Required work:
Please return every line of the material verbatim and skip any images.

Recorded data:
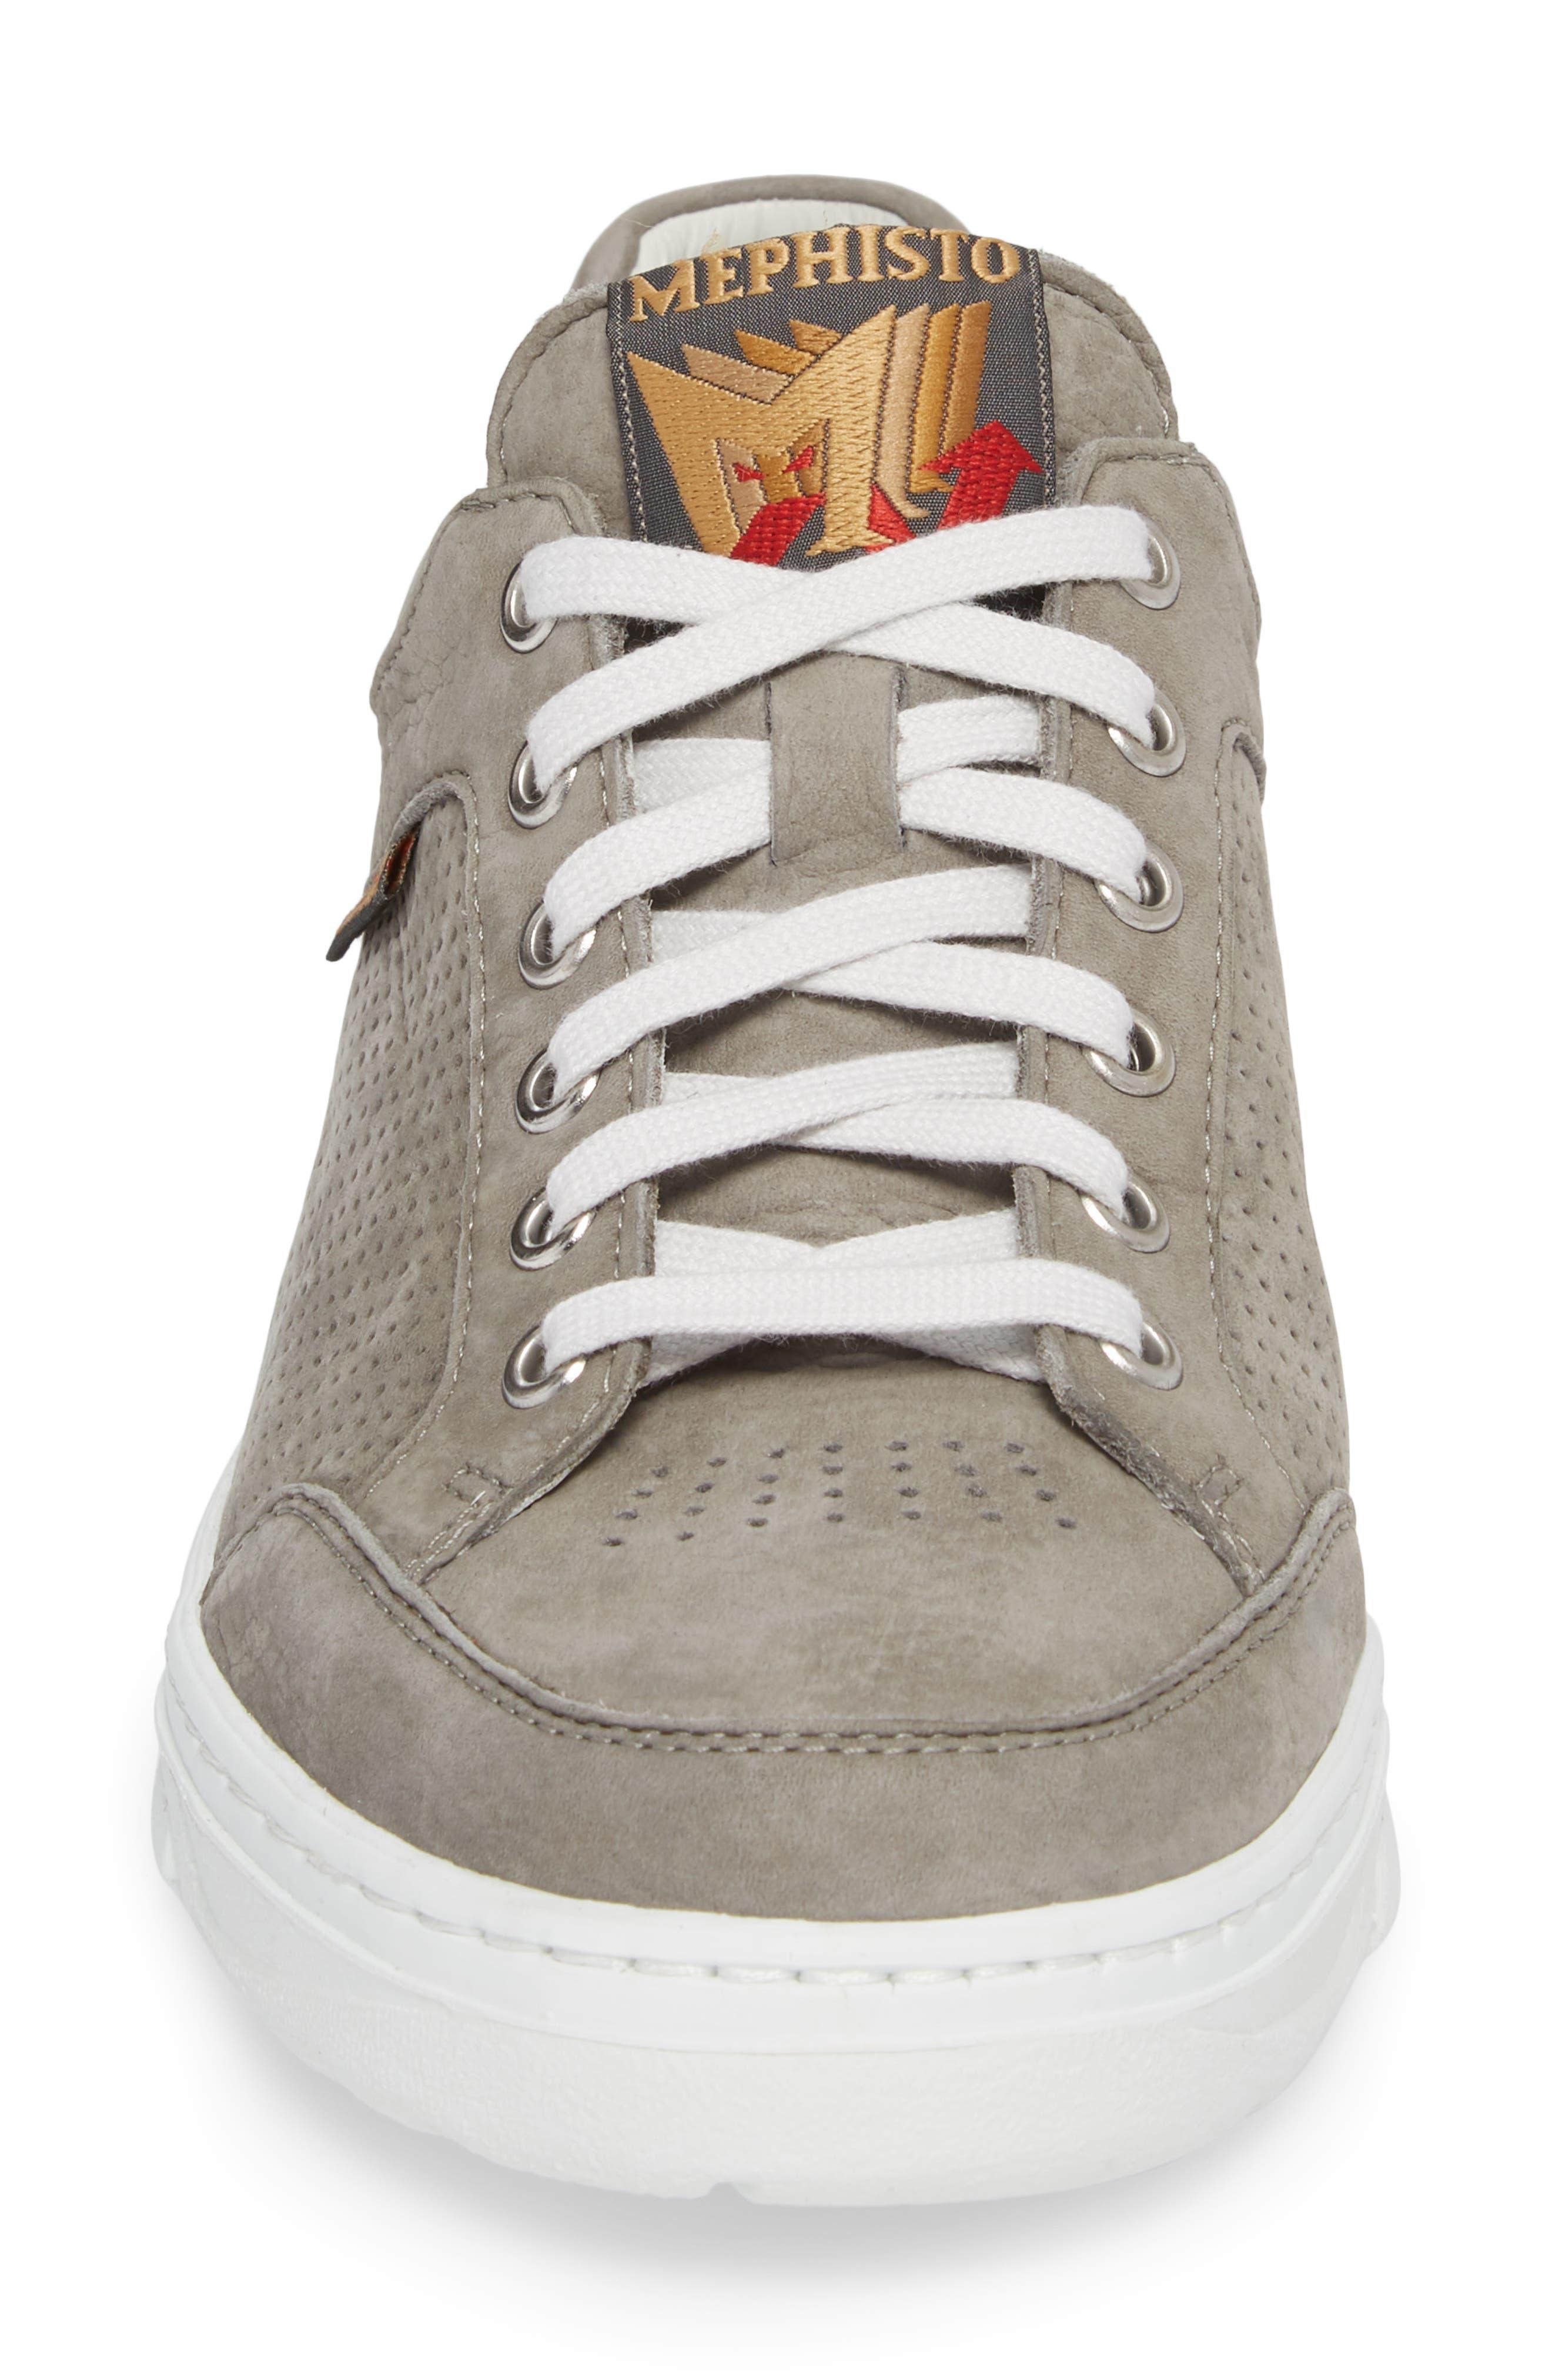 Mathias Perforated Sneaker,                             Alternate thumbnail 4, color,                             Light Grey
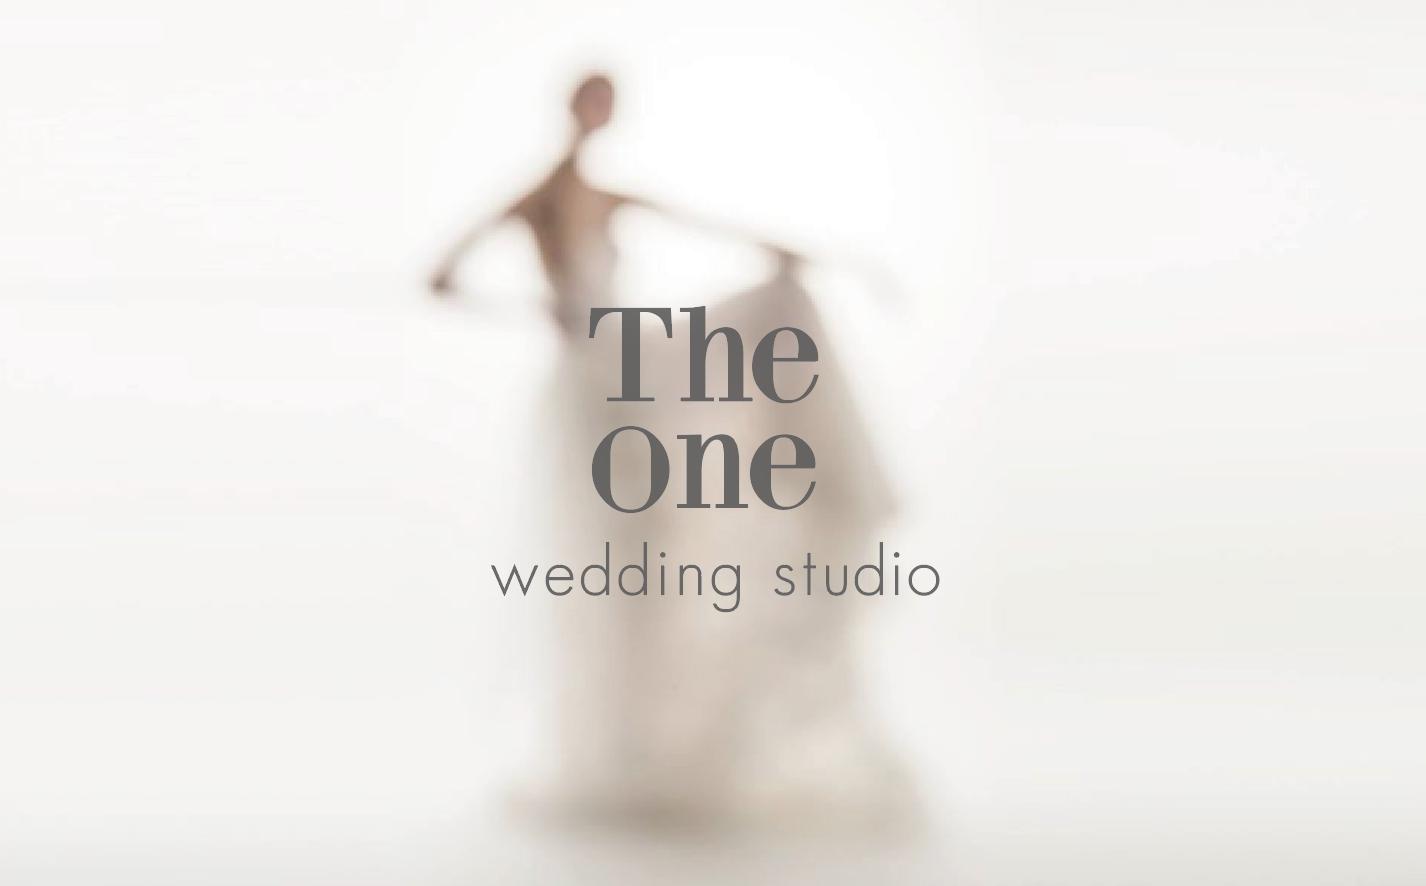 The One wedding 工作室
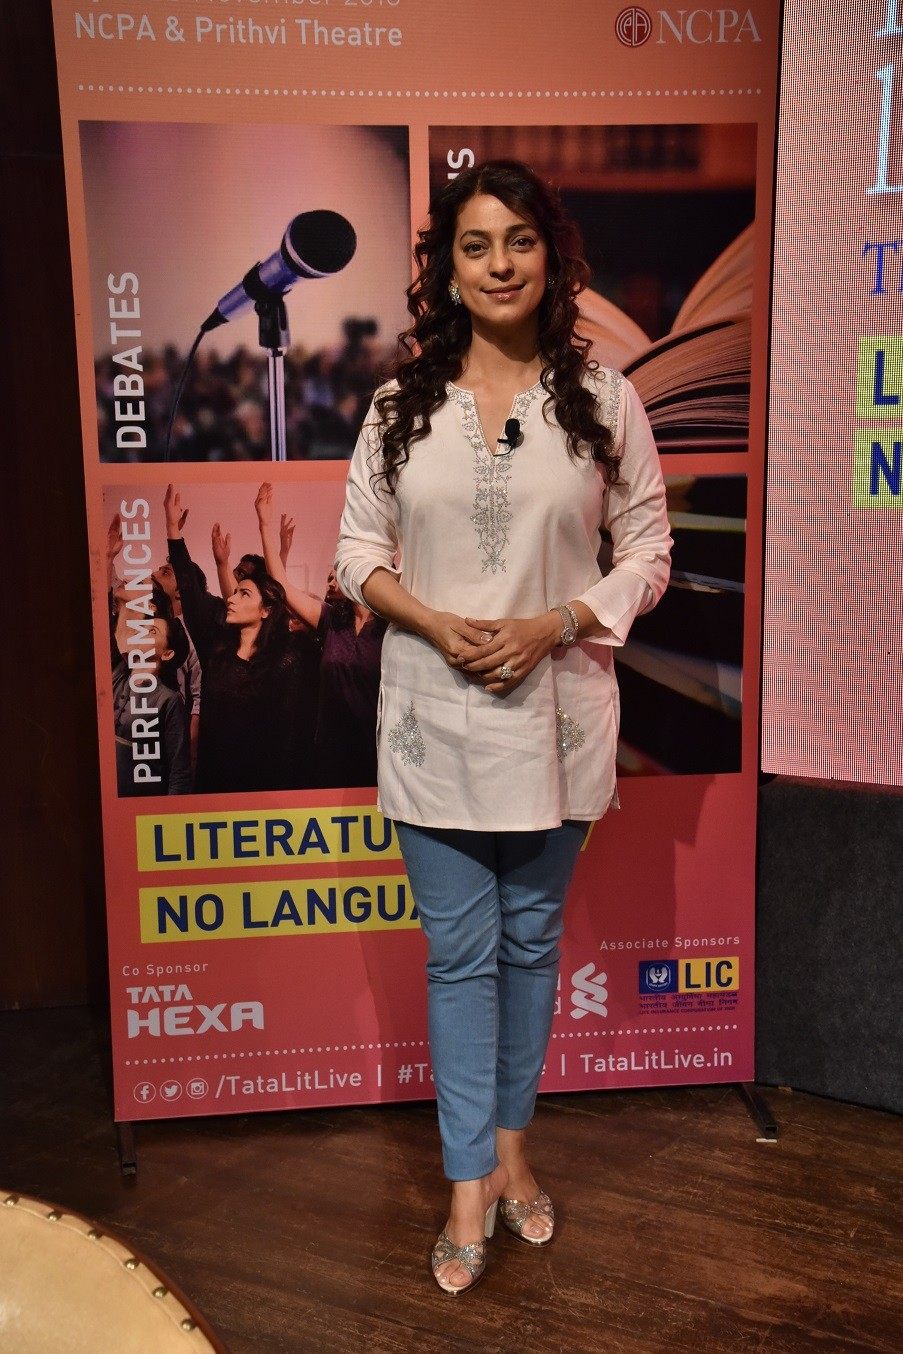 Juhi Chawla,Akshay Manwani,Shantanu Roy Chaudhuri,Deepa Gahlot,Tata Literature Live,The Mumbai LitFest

Response to this task:
 Mathias Perforated Sneaker,                             Alternate thumbnail 4, color,                             Light Grey
 The One wedding 工作室
 Juhi Chawla,Akshay Manwani,Shantanu Roy Chaudhuri,Deepa Gahlot,Tata Literature Live,The Mumbai LitFest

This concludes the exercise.